= Historia Acephala =

Anonymous 4th century ecclesiastical chronicle

The Historia Acephala ("Headless History") is an anonymous 4th or early 5th century ecclesiastical chronicle primarily concerning the Patriarchate of Alexandria and the activities of Athanasius. Despite the poor condition of the manuscript it has survived in, the work is valuable for its exceptional chronological accuracy.^{:p. 21} ^{:p. 495 f.}

Editors have put forward several theories as to the date of the work's composition: Some editors hold that it was originally written in 368 for the 40th anniversary of Athanasius' election and that later chroniclers inserted additional information. Others argue that it was composed some time during Theophilus' tenure as bishop, i.e. between 384 and 412 AD.^{:p. 63-65} The work was originally written in Greek, but survives only in a single 8th century unical quarto containing a partial Latin translation. While the original text appears to have covered Athanasius' entire episcopacy (i.e. from 328), the surviving version only covers the years between 346 and 373 in detail, with a small portion mentioning Athanasius' successors Peter II, Timothy I, and Theophilus. The manuscript was discovered in Verona by Scipione Maffei in 1738, who gave the then-unknown chronicle the title Historia Acephala in reference to the missing first section of the work.^{:p. 22}

The Historia Acaphala is an important source for clarifying the often confused chronology of Athanasius' life and career.

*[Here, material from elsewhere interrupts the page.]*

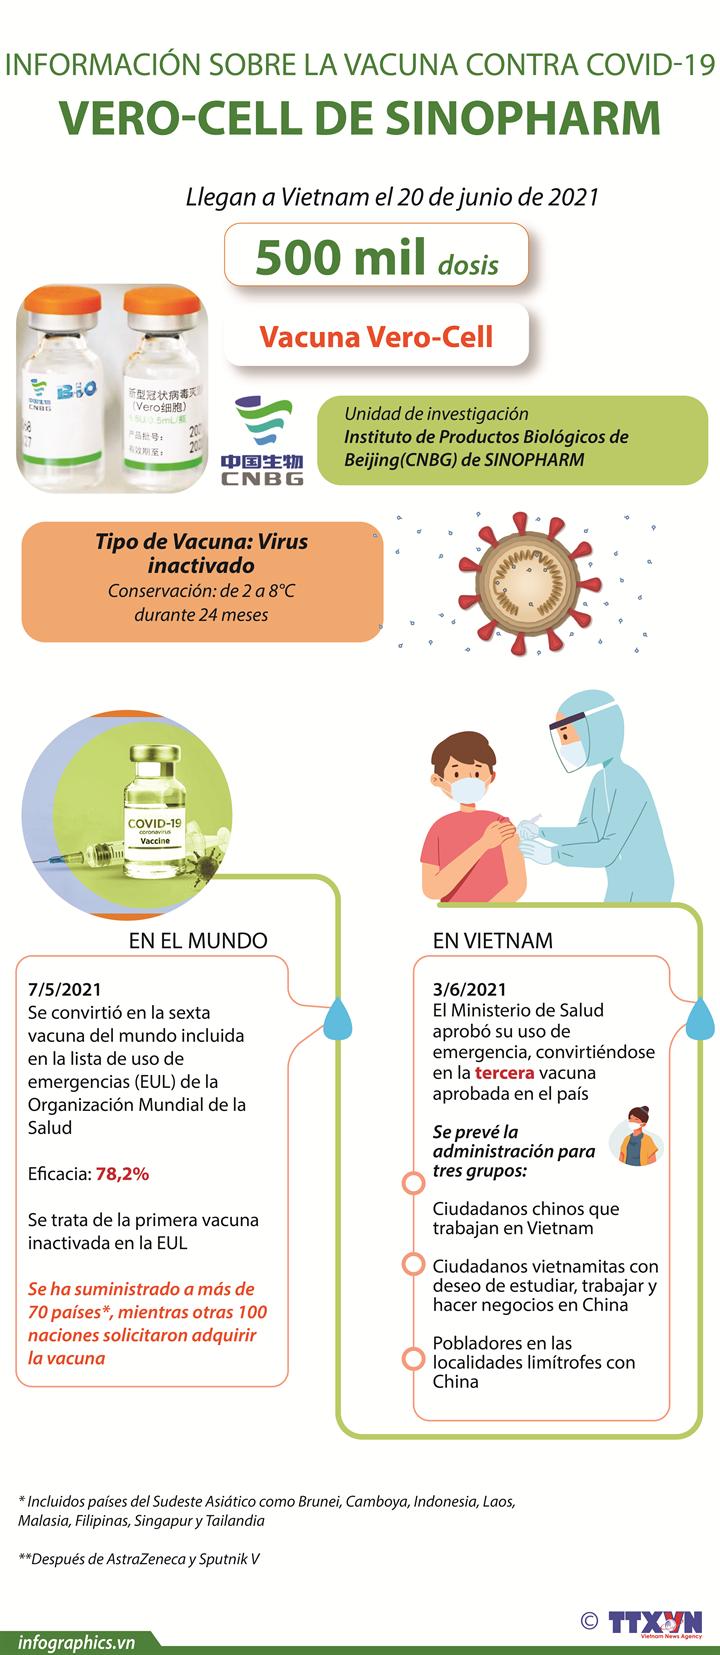 Información sobre la vacuna contra COVID-19 VERO-CELL de SINOPHARM

Its usefulness is thanks, in large part, to the unusual diligence and accuracy of the annalist: editor Archibald Robertson writes, "The Latin text [...] is very imperfect, but the annalist is so careful in his reckonings, and so often repeats himself, that the careful reader can nearly always use the document to make good its own gaps or wrong readings."^{:p. 21} ^{:p. 495} The work was used by the 5th century church historians Sozomen and Theodoret, perhaps in its original state.